GNFAC Avalanche Forecast for Mon Feb 13, 2023

Not the Current Forecast

Good morning. This is Dave Zinn with the Gallatin National Forest Avalanche Forecast on Monday, February 13th at 7:00 a.m. This information is sponsored by Archer Construction and World Boards. This forecast does not apply to operating ski areas.

Mountain Weather

This morning, temperatures are in the teens F near West Yellowstone and Cooke City and in the 20s F near Big Sky and Bozeman. Winds are 15-25 mph from the west to the south, and there is no new snow. Today, temperatures will be in the 20s to 30s F with 15-25 mph winds from the west to the south. Snow will arrive this evening, with 4-8” by tomorrow morning and continuing snowfall tomorrow.

Snowpack and Avalanche Discussion

In the mountains around Bozeman, Big Sky and Cooke City, human-triggered avalanches are possible on slopes where slabs of drifted snow sit on top of weak layers in the upper three feet of the snowpack. Yesterday, Doug looked for this type of instability at the Throne in the Bridger Range and found it, noting that we must be aware of wind slabs over weak layers (video). We noted similar concerns during recent field days in Hyalite Canyon and at Buck Ridge. Without significant active wind loading, you must recognize recent drifts as areas of concern by noting pillows of snow or a stiffening, hollow feel to the snow surface. Slopes below overhanging ledges of snow called cornices are likely wind-loaded.
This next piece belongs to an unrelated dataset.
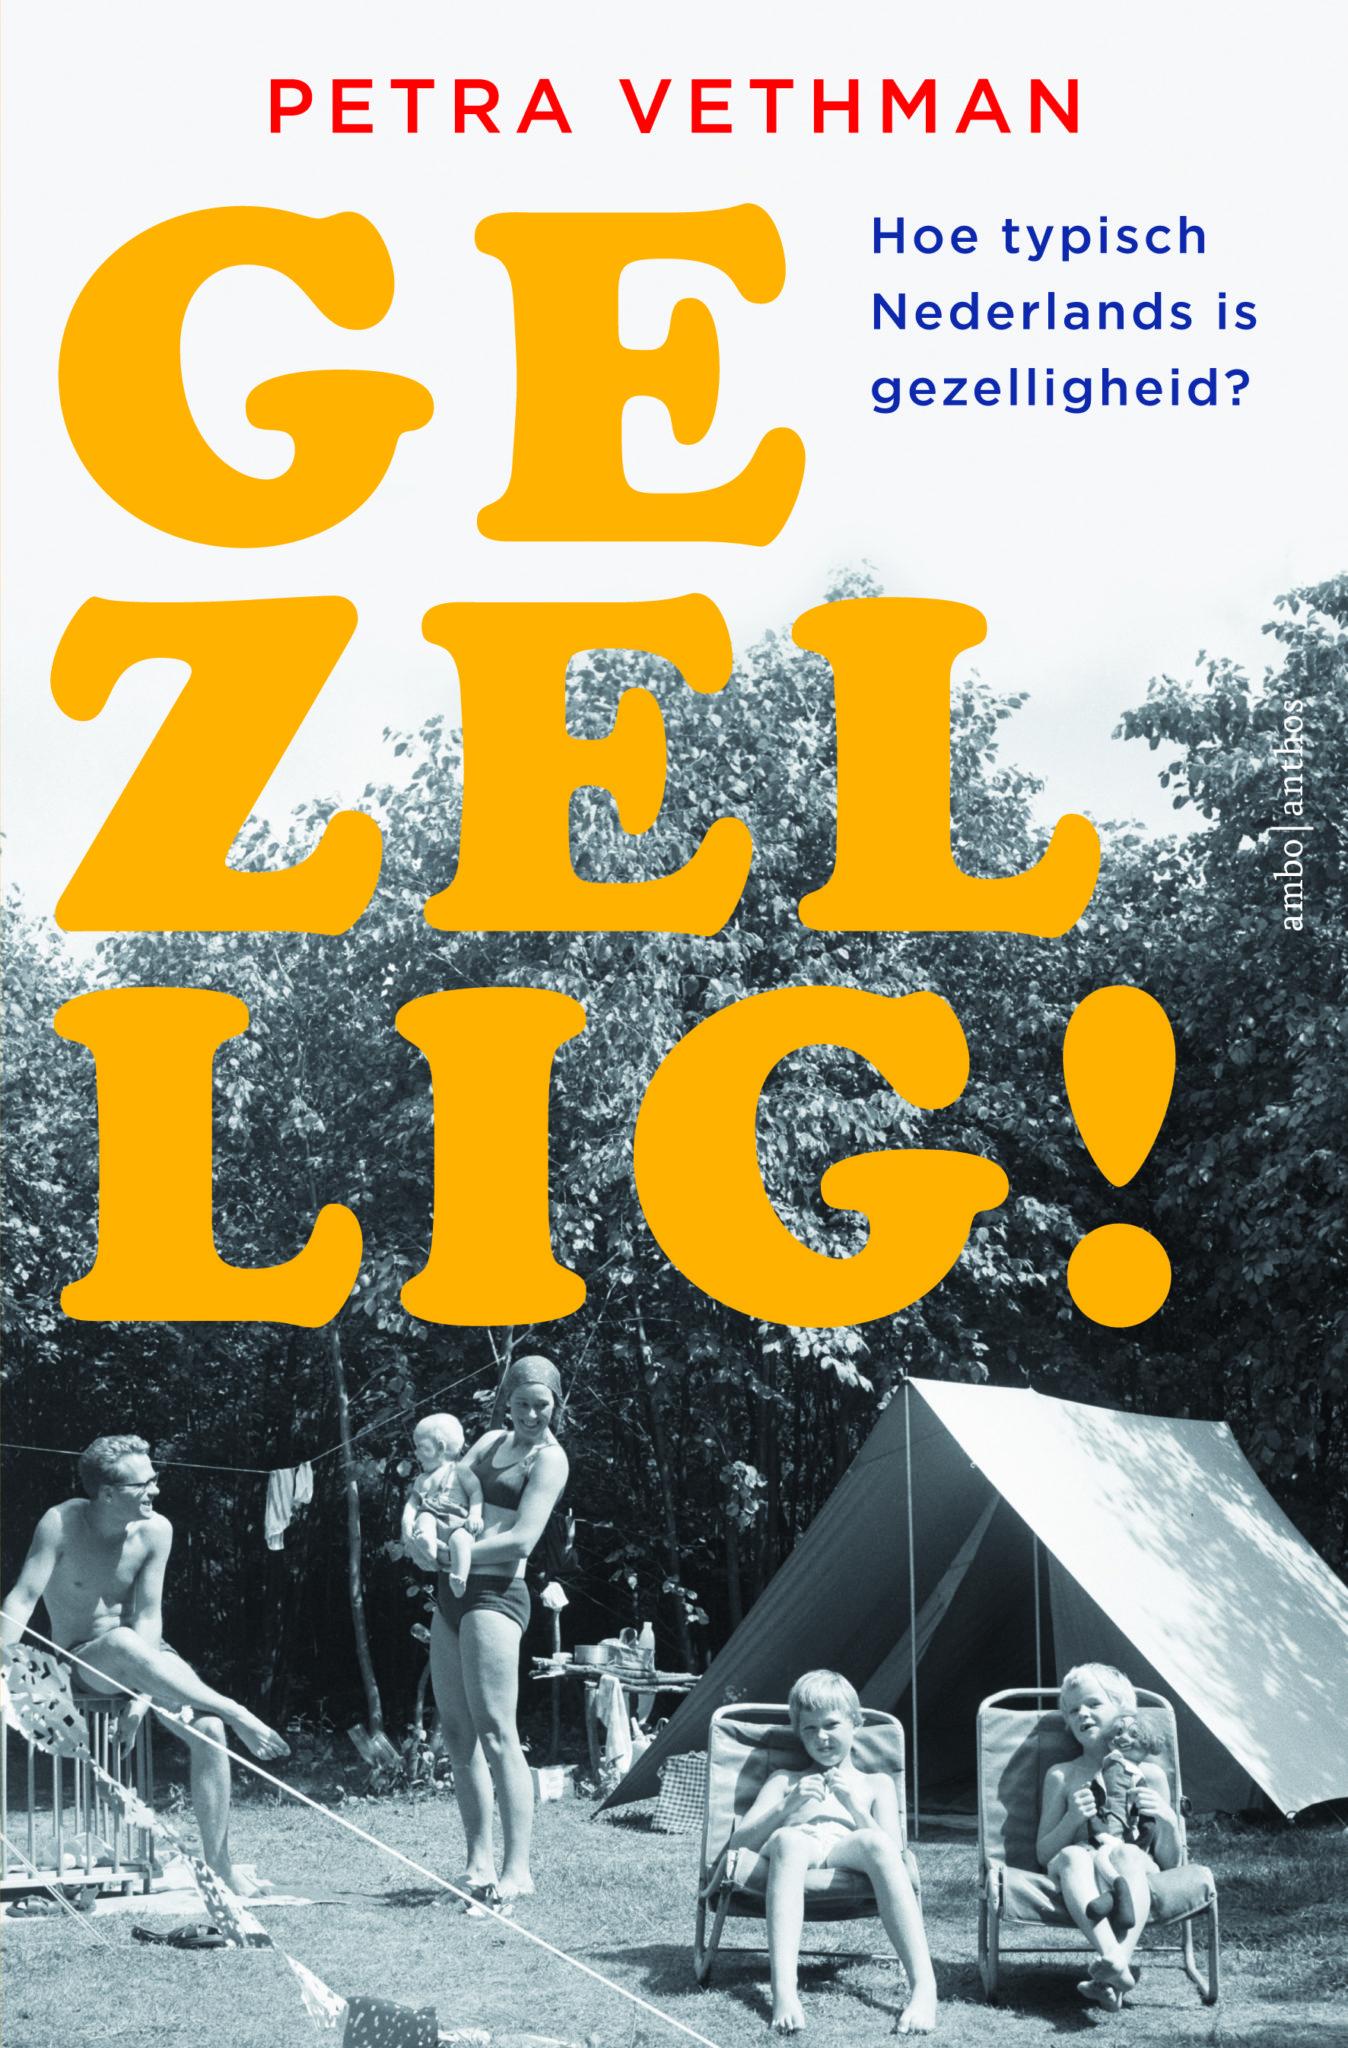 petra vethman, gezellig, boek, nederlandse cultuur

As the season progresses, cornices grow and can unpredictably collapse far from the edge. A group on Mount Blackmore got a fright when one broke near their feet this weekend (observation). Rule wind-loaded slopes out of your travel plan or dig and test for instability related to underlying weak layers.

On non-wind-loaded slopes, triggering an avalanche is unlikely. Dig down three feet and test for instability before going into avalanche terrain, carry rescue gear, expose only one team member at a time to avalanche terrain and watch partners from a safe location if they travel on steep slopes.
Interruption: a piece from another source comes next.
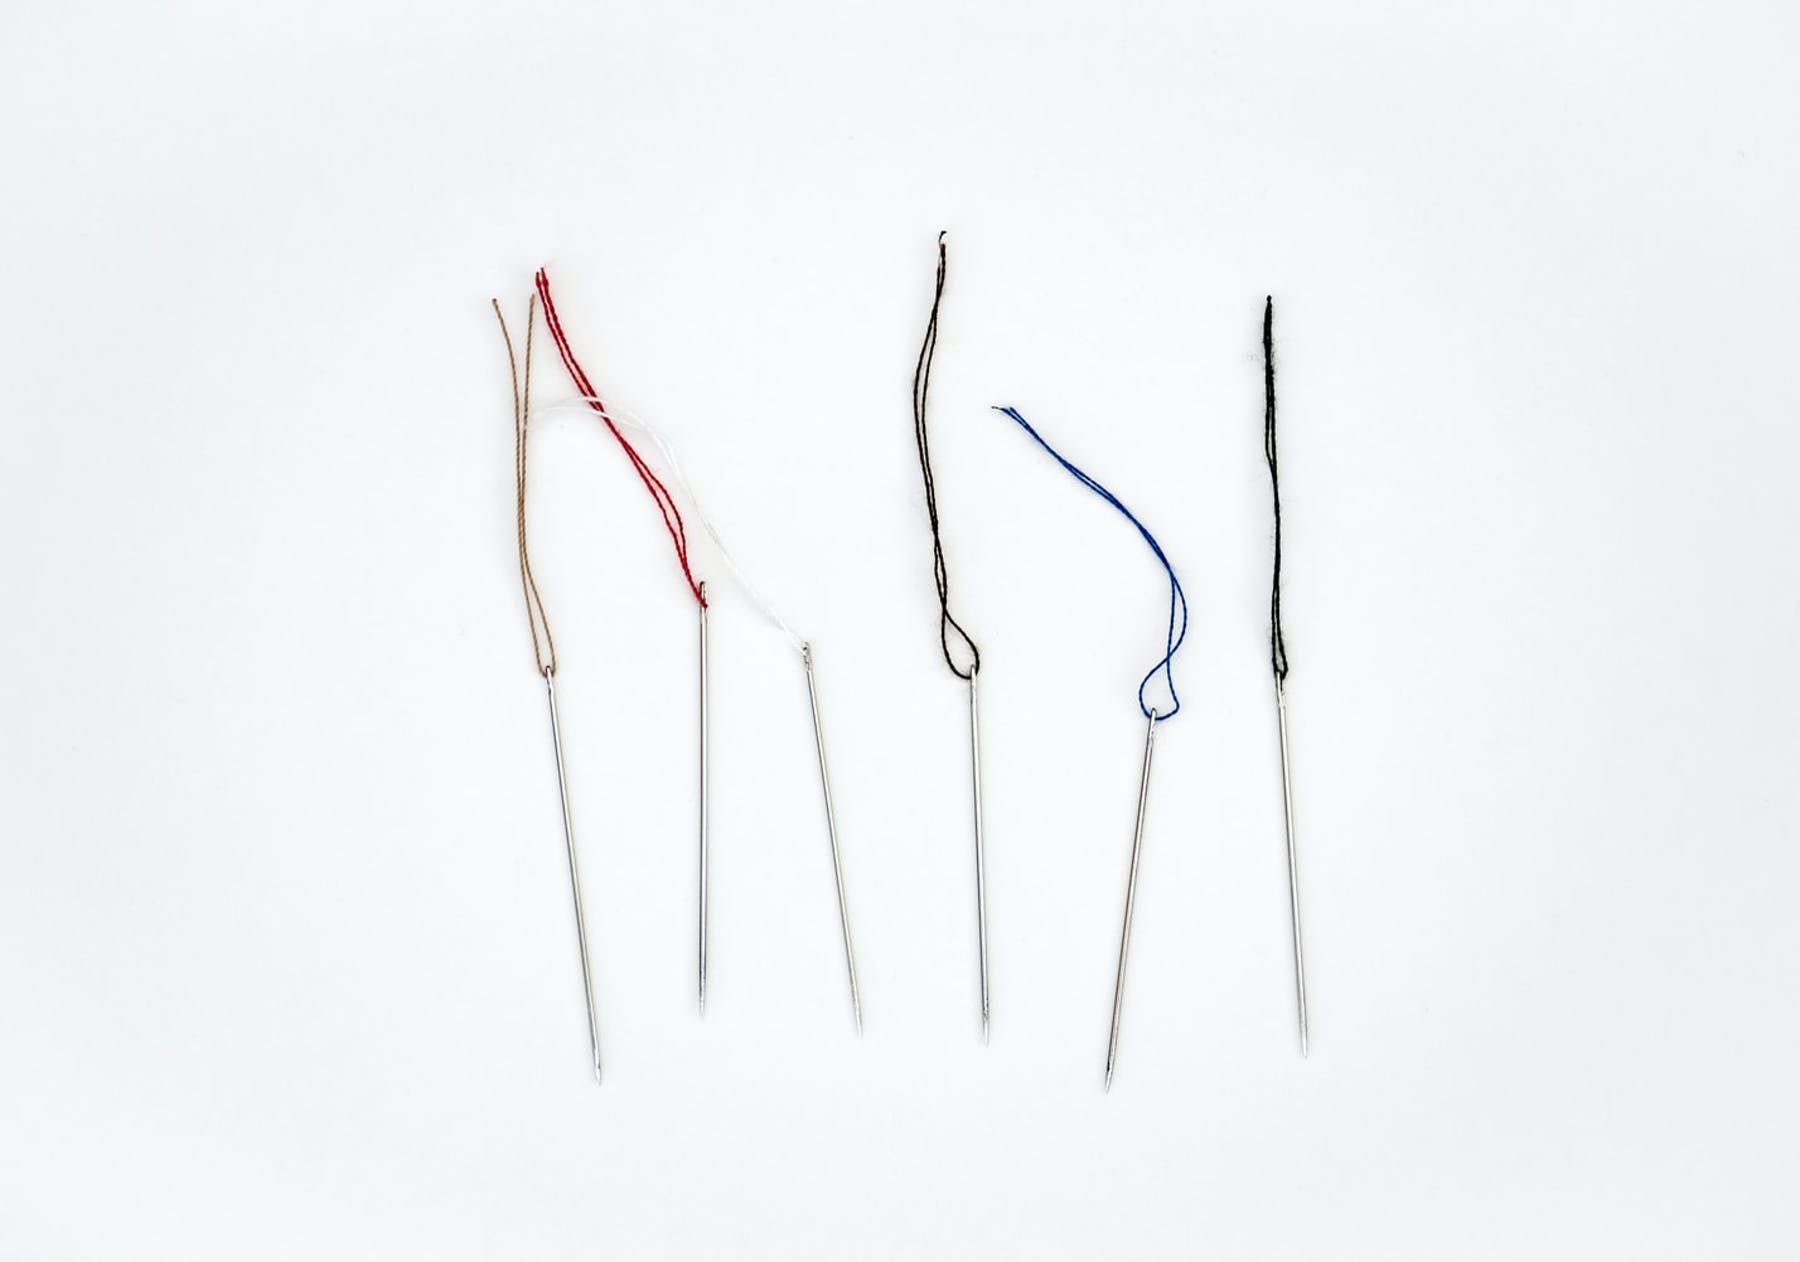 needles with thread

Today the avalanche danger is MODERATE on wind-loaded slopes and LOW on all others.

Avalanches are unlikely in the Southern Gallatin and Southern Madison Ranges and the Lionhead area, where conditions are much more stable than two weeks ago when Doug and Ian triggered an avalanche from 50 feet away (video and observation). Since then, the frequency of slides has decreased. One week ago, riders noted a natural avalanche on the west face of Sage Peak in the Taylor Fork (observation). A day later, an avalanche on Two Top partially buried a sled (observation). And the last reported avalanche from the area occurred on Thursday near Tepee Basin when a rider triggered an avalanche on a small slope (observation). Riding at Lionhead on Saturday, Alex noted improved stability (video).

While conditions are generally safe, adhere to the fundamentals of avalanche safety because certainty is impossible to come by in steep, snow-covered mountains. Dig three to four feet deep and test weak layers for isolated areas of instability, carry rescue gear and expose only one team member at a time to avalanche terrain while watching partners from safe locations (Taylor Fork video). The avalanche danger is LOW.
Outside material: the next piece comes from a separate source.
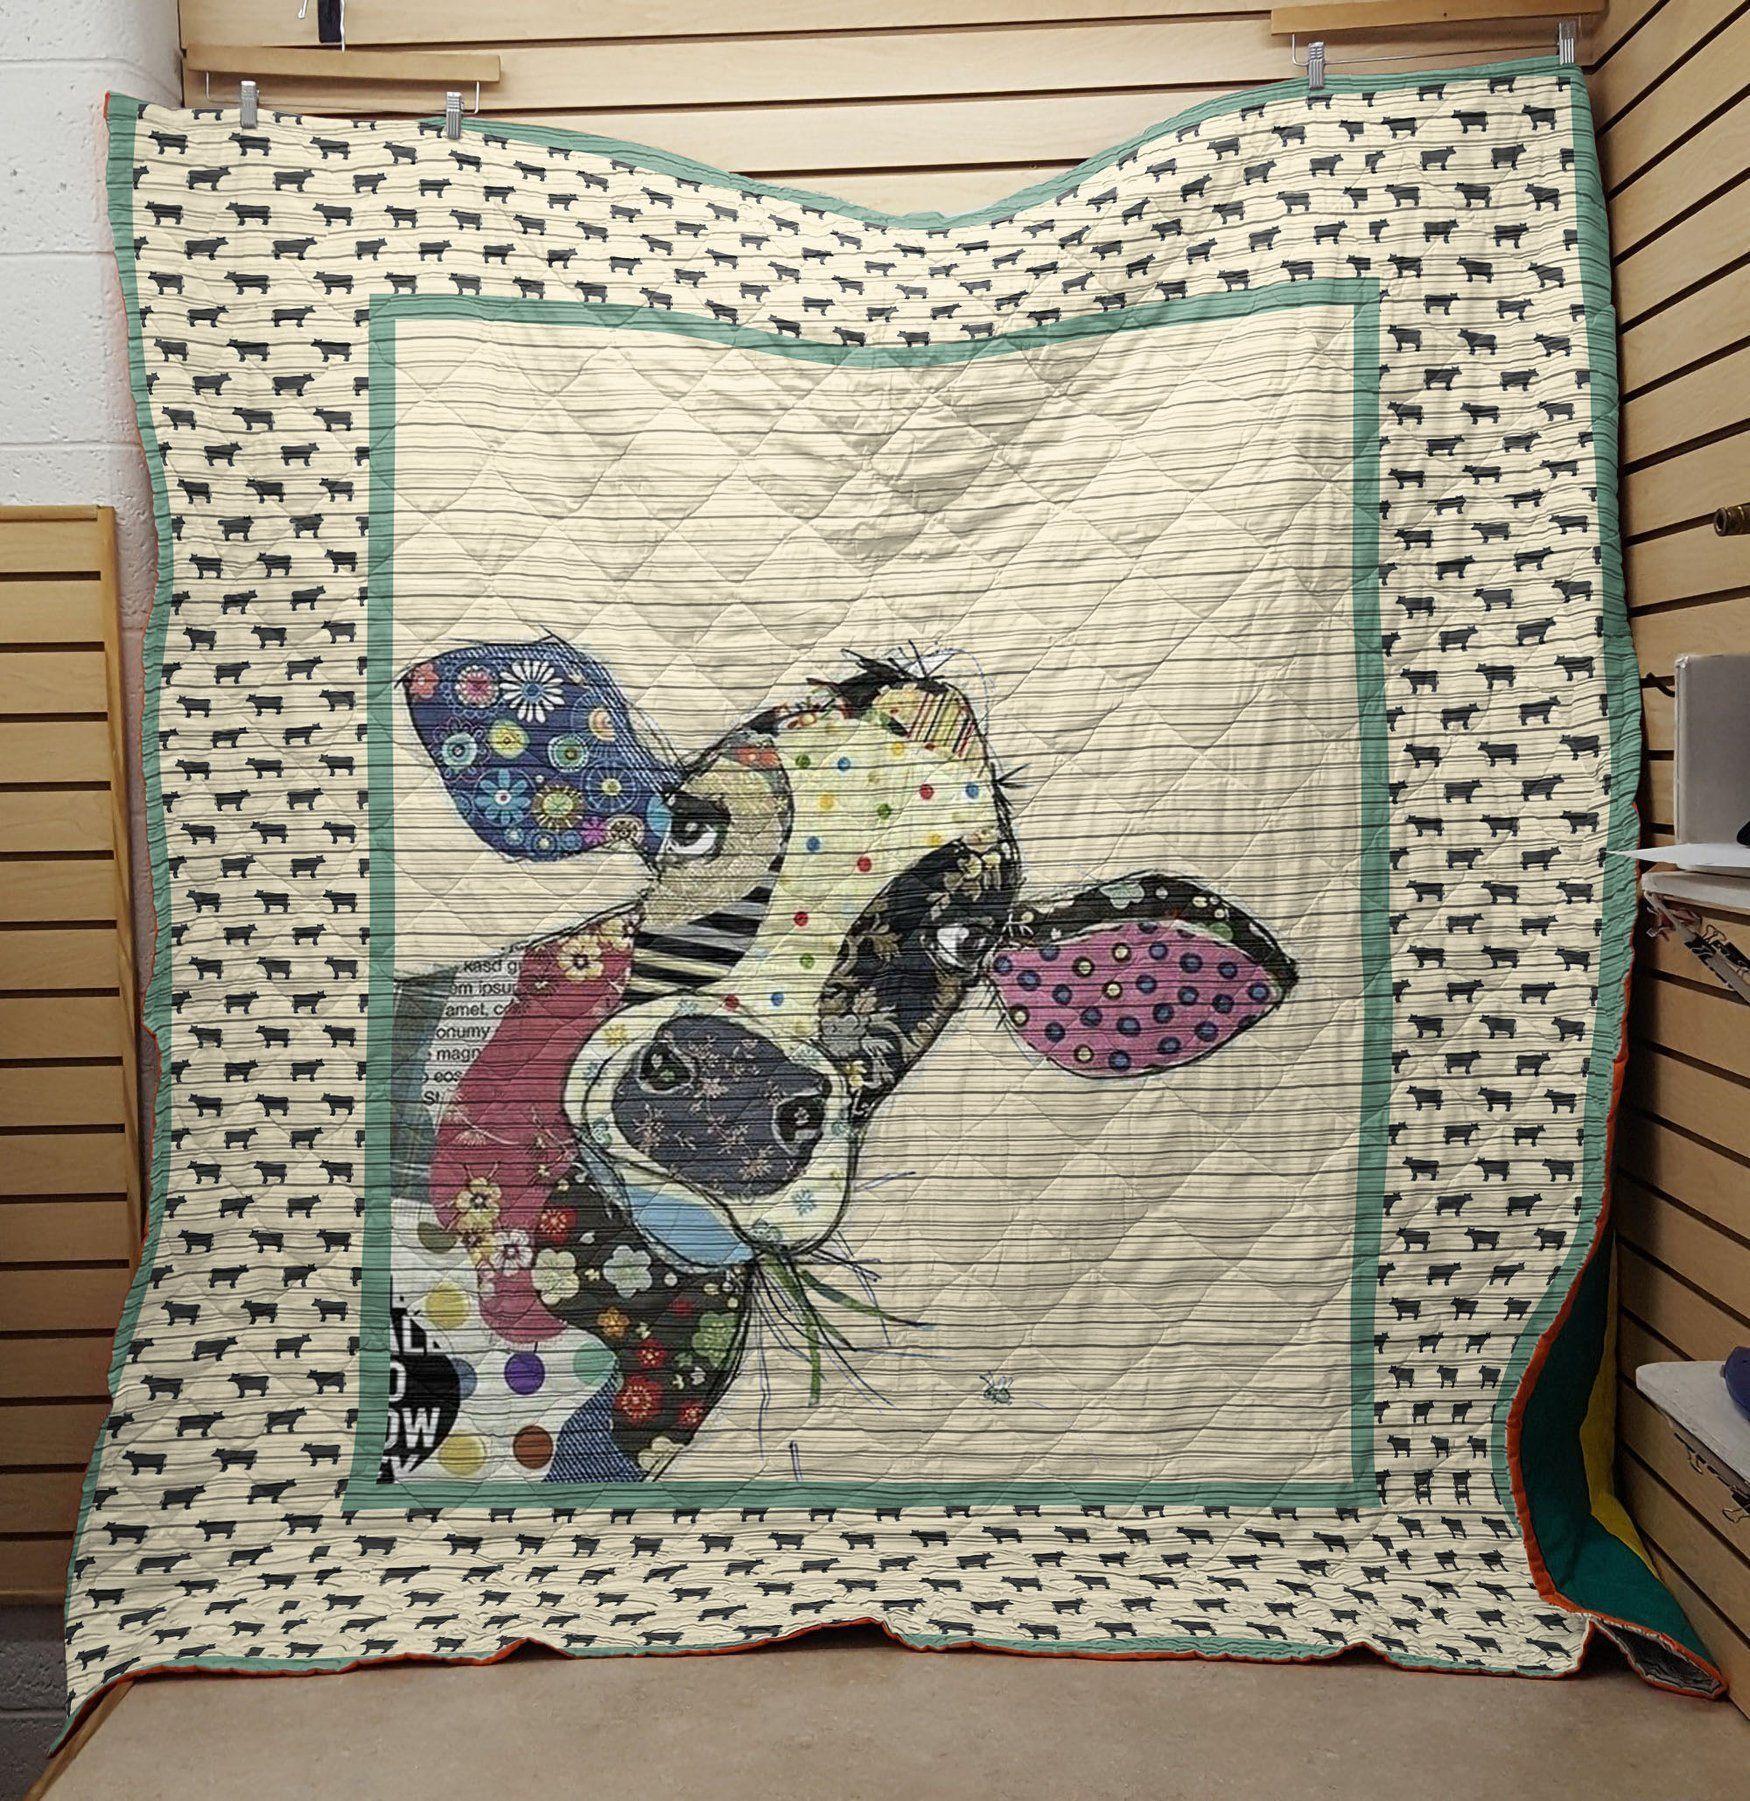 Cow fabric blanket - original

Snow returns to the area tonight. As snow falls, the danger increases.

Please share avalanche, snowpack or weather observations via our website, email (, phone (406-587-6984), or Instagram (#gnfacobs).  

Conditions are generally safe in the mountains in Island Park. Adhere to the fundamentals because certainty is impossible to come by in steep, snow-covered mountains. Dig and test weak layers in the upper three feet of the snowpack for isolated instability, carry rescue gear (beacon, shovel and probe) and expose only one team member at a time to avalanche terrain. Snow returns to the area tonight and conditions will become more dangerous as the snow falls.

Upcoming Avalanche Education and Events

Our education calendar is full of awareness lectures and field courses. Check it out: Events and Education Calendar.

February 16, FREE Avalanche Awareness night for women at REI Bozeman. Time TBD.

February 19, 10 a.m.-2p.m. Companion Rescue Clinic Field Day in the Bozeman area. Required Online Classroom Session at 6 p.m. on Feb 18. Information and course registration are HERE.

March 3-5, Bozeman Splitfest. More info and register here.

Every Saturday, 10 a.m. - 2:00 p.m. Avalanche Rescue Training, drop in for any amount of time. Round Lake Warming Hut, Cooke City. Free.

Loss in the Outdoors, is a support group for those who have been affected by grief and loss related to outdoor pursuits. Check out the link for more information.

The Last Word

Bruce Jamieson’s videos on Snow Science explain heady topics to the layman. Understanding the avalanche dragon helps keep us alive.